Webinar video: TinyML for industrial usecases with STMicroelectronics and Avnet
Together with Avnet and STMicroelectronics we hosted a webinar on TinyML for industrial usecases! If you've missed it you can watch the video above which consists of an half hour introduction to TinyML, STM32Cube.AI and industrial usecases, followed by a 20 minutes demo where we explore two ML models, and 10 minutes Q&A.
We've also took the courtesy to write out the most frequently asked questions in this blog post.

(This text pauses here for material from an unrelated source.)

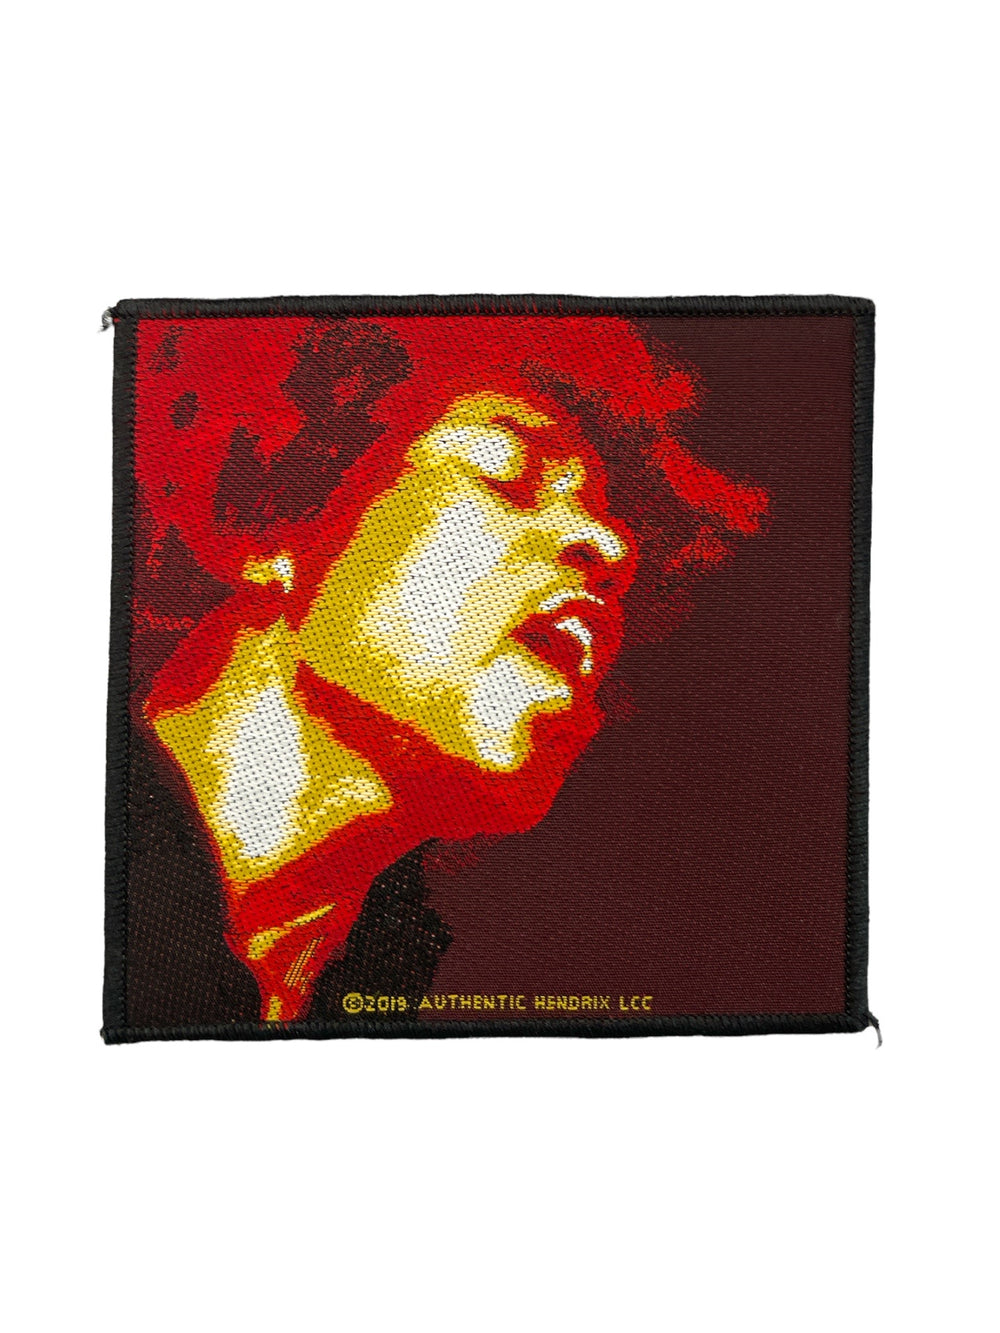 Jimi Hendrix Electric Ladyland Official Woven Patch Brand New

Are there tutorials available for the things you showed during the webinar?
Yes! Here they are:
- Continuous gestures: https://docs.edgeimpulse.com/docs/continuous-motion-recognition
- Recognize sounds from audio: https://docs.edgeimpulse.com/docs/audio-classification
- Adding sight to your sensors: https://docs.edgeimpulse.com/docs/image-classification
Can multiple sensor streams go into a real-time classifier?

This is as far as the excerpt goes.